Alexandra Greenwald, Ph.D.
Curator of Ethnography
Background
Alexandra Greenwald is an Assistant Professor of Anthropology in the Department of Anthropology and a Curator of Ethnography at the Natural History Museum of Utah at the University of Utah. Dr. Greenwald earned her B.A. at Mills College and her M.A. and Ph.D. at University of California, Davis. She held a post-doctoral fellowship at the Center for Evolution and Medicine and the School for Human Evolution and Social Change at Arizona State University prior to arriving at the University of Utah in 2019.

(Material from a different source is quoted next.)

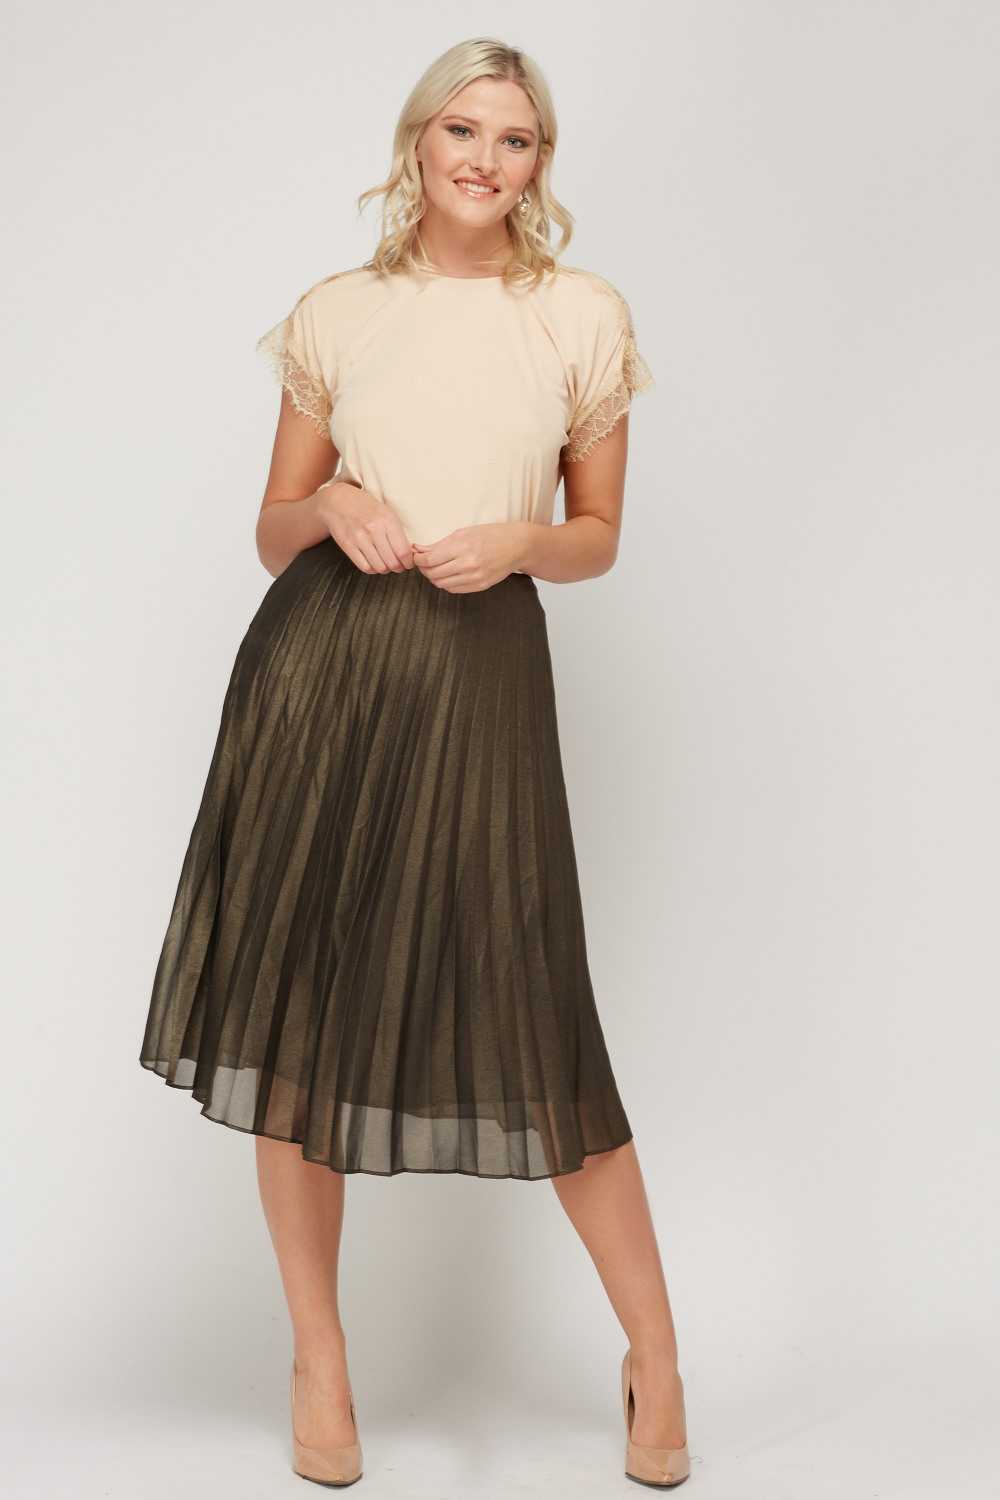 High Waist Pleated Midi Skirt - Just $7
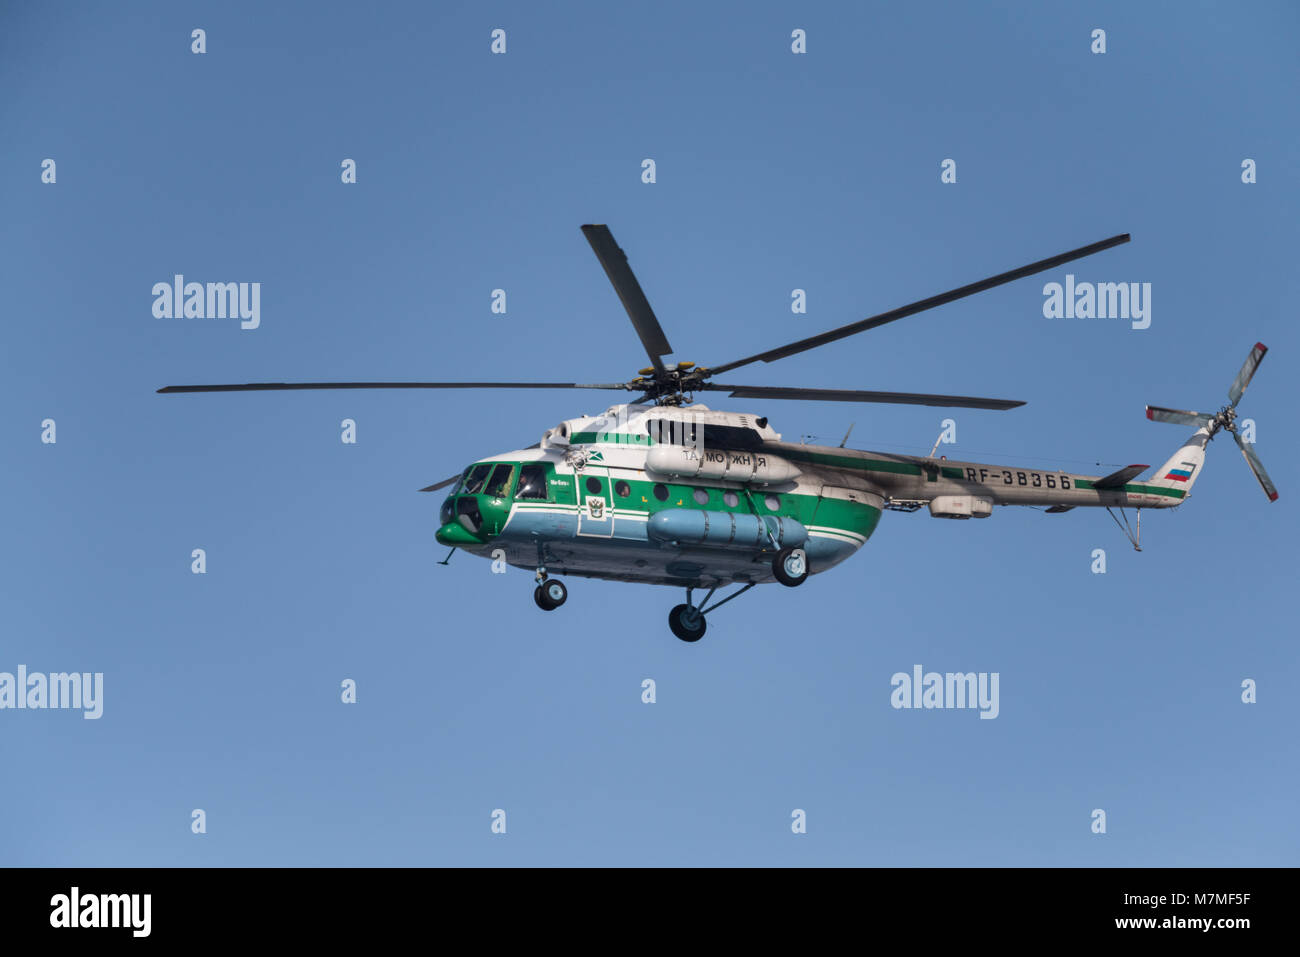 Novosibirsk, Russie - le 14 février 2018 : Helicopter Mil Mi-8 Hip MTV-1 RF-38366 dans le ciel près de l'Aéroport International Tolmachevo Banque D'Images

Dr. Greenwald’s expertise is in North American prehistoric archaeology and ethnography, behavioral ecology, biological anthropology, and bioarchaeology. Research conducted in Greenwald’s Archaeometric and Ethno-Experimental Lab (AELab) seeks to reconstruct prehistoric lifeways and understand the cultural continuity between ancient people and their historic and contemporary descendants using ethnography, archaeological data, collections-based research, and experimental methods. Projects include cross-cultural isotopic reconstruction of breastfeeding behavior and early childhood diets in collaboration with descendant communities, archaeological investigations into the Pleistocene-Holocene transition in California and the Colorado Plateau, energetics and behavioral ecology of Indigenous cradle technology, the biomechanics of ancient footwear, and collections-based ethnographic work with tribal communities across the Great Basin, Colorado Plateau, and Southwest.